= Edward Meeks Gregory =

Edward Meeks "Pope" Gregory (September 30, 1922 – January 25, 1995) was an Episcopal priest in Richmond, Virginia. He held the first gay marriage ceremony in Virginia at St. Peter's Church in Richmond in August 1978.

==Biography==
Edward Meeks Gregory was born the fifth of seven children of Constance Adela (née Heath) Gregory (1890–1982) and George Craghead Gregory (1887–1956) at "Granite Hall", the family estate in northwestern Chesterfield County, Virginia, on September 30, 1922. His father was a prominent attorney, businessman and historian.

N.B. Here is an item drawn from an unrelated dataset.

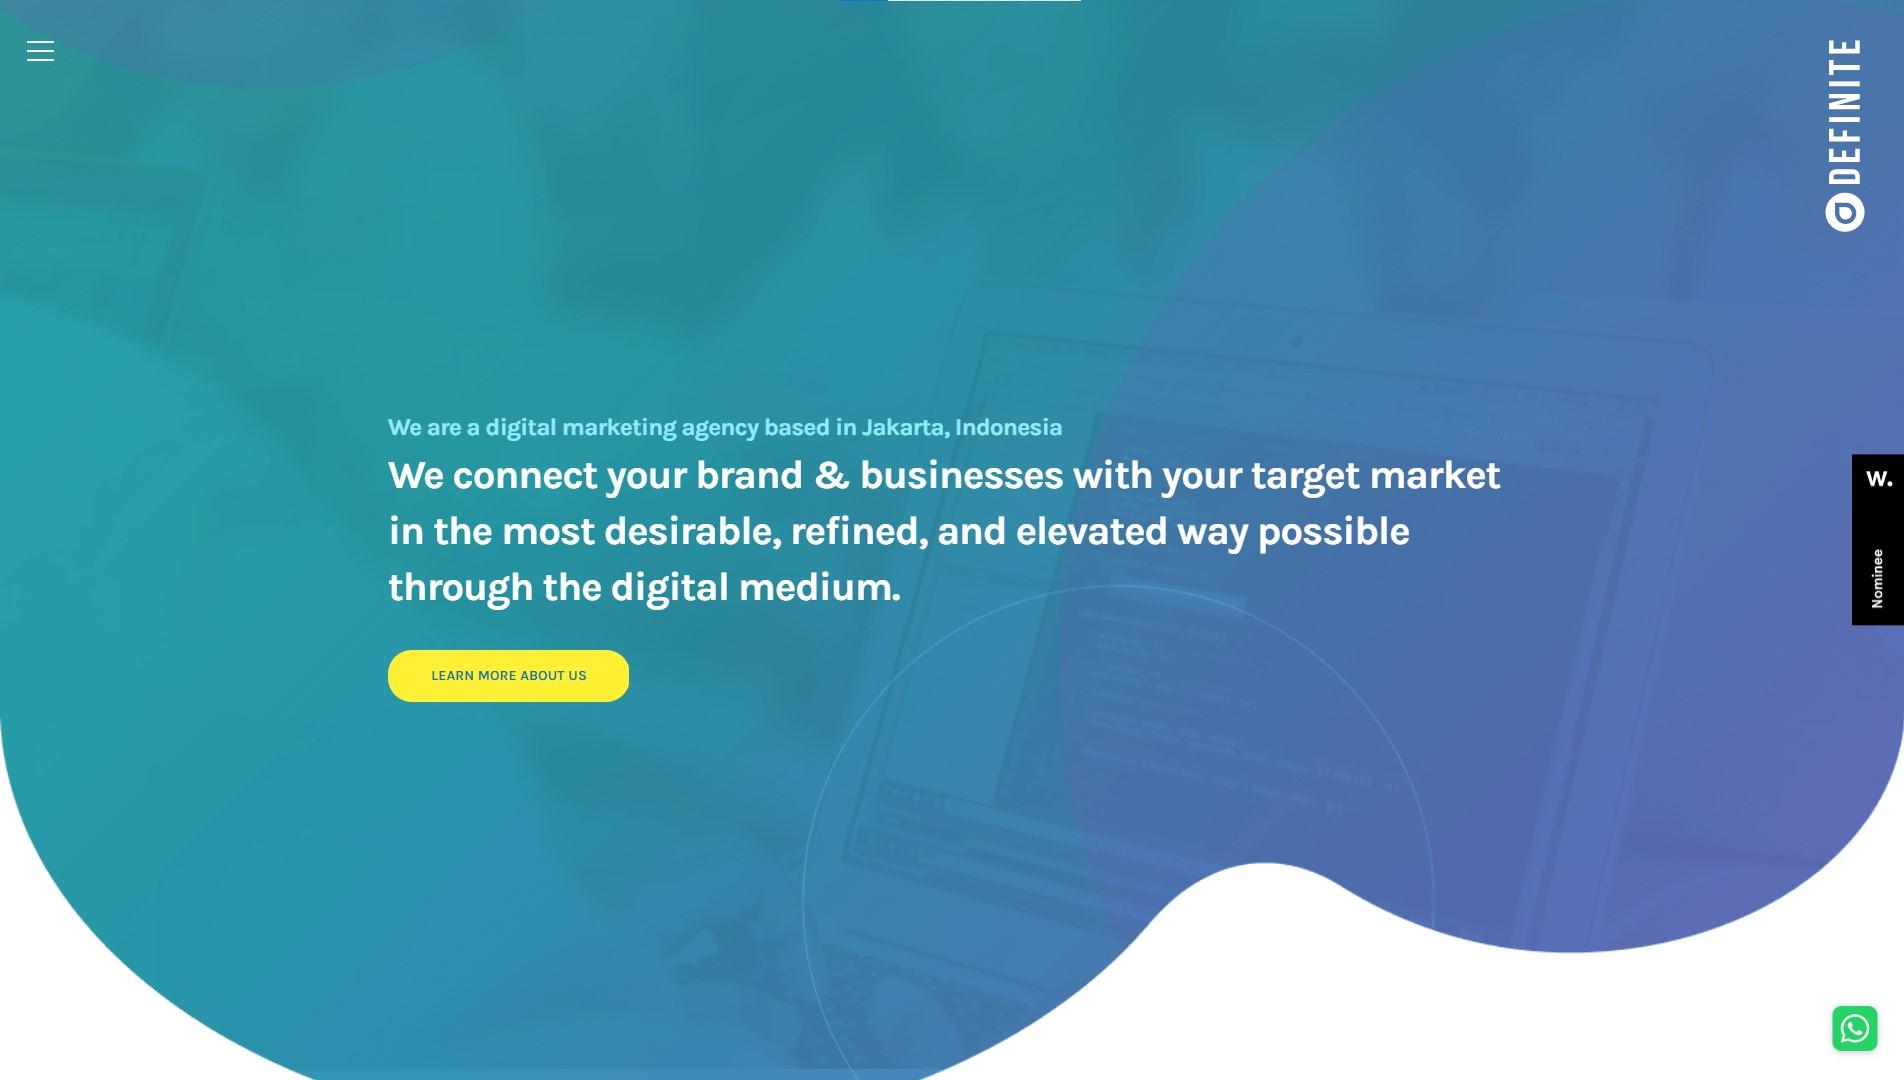 Orpetron Web Design Awards - Definite - Web Design Awards Inspiration Trends UI UX

He became an Episcopal priest in Richmond, Virginia. He served Episcopal High School in Alexandria, Virginia; Christchurch School in Christchurch, Virginia; St. Mark's Episcopal Church in Richmond, Virginia; and lastly, St. Peter's Episcopal Church also in Richmond. During the era of Massive Resistance and the desegregation crisis post-Brown v. Board of Education in Virginia, when Prince Edward County’s public schools were closed, Gregory raised money for black students to attend private schools from 1959 to 1964. He conducted the first gay marriage ceremony in Virginia at St. Peter's Church in Richmond in August 1978. In 1979, while serving on Richmond'’s Human Relations Commission, Gregory became a big proponent, albeit unsuccessfully, of adding sexual orientation to the city code's nondiscrimination policies. He served as president of the Richmond-Petersburg Council on Human Relations and the Richmond Area Council on Human Relations. Gregory also helped found the Daily Planet, which services the needs of the homeless, and was the clerical advisor and member of the Richmond branch of Dignity/Integrity, the lesbian, gay, transgender, and bisexual caucuses of the Roman Catholic and Episcopal Church in the United States.

He died in 1995. His tombstone in Richmond’s Hollywood Cemetery bears the Latin inscription Pontificeamus (“Let us build bridges.”).

The annual Edward Meeks Gregory Service Award at Christchurch School is given to a worthy student each year.
On January 22, 2007, a stained glass window honoring the Rev. Edward Meeks "Pope" Gregory was dedicated in the Chapel of Richmond Hill, an ecumenical Christian fellowship and residential community in a former monastery in Richmond, Va. The Reverend Edward Meeks Gregory Papers are open for research at James Branch Cabell Library of Virginia Commonwealth University.